_Task prompt_
In the listing beneath this line, copy exactly the lines starting with the one containing "Rich Google Ads" and going on through the one containing "ACL Austin City".

_Listed entries_
# # # #

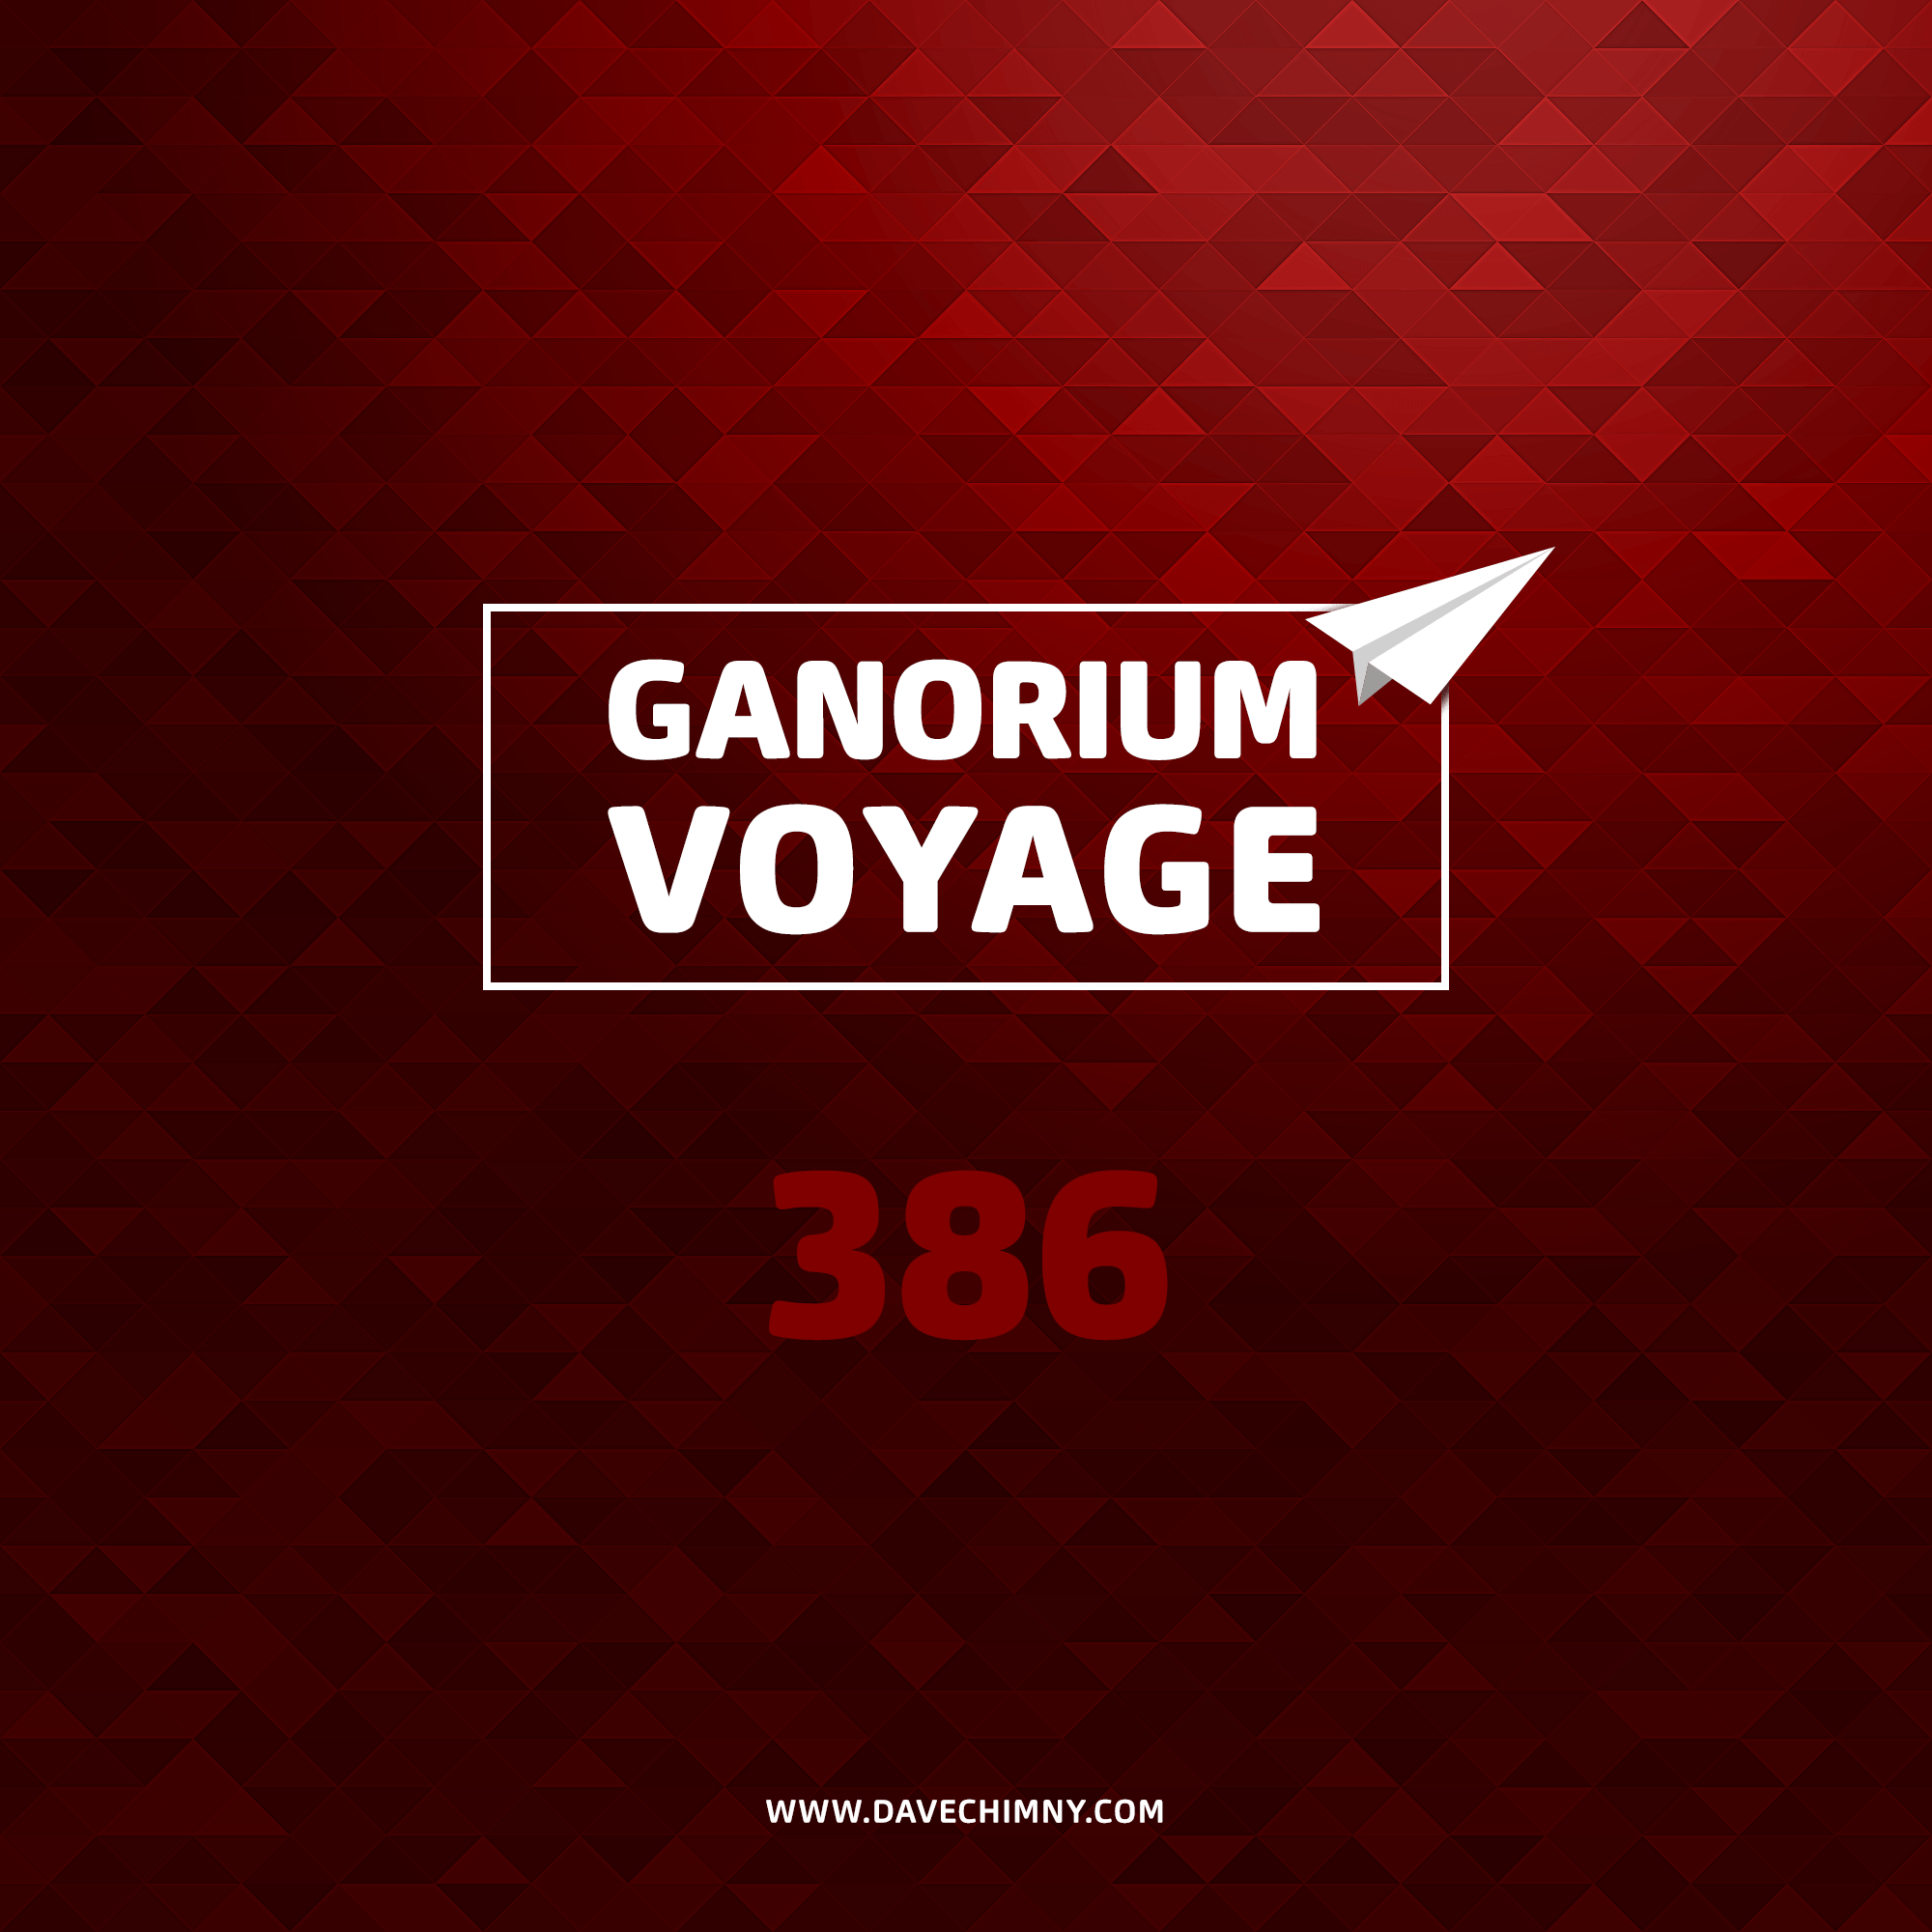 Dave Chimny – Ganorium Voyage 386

# # # #

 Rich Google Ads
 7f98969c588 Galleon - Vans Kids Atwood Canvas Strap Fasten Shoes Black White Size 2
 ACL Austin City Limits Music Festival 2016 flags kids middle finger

# # # #

_Exercise result_
 Rich Google Ads
 7f98969c588 Galleon - Vans Kids Atwood Canvas Strap Fasten Shoes Black White Size 2
 ACL Austin City Limits Music Festival 2016 flags kids middle finger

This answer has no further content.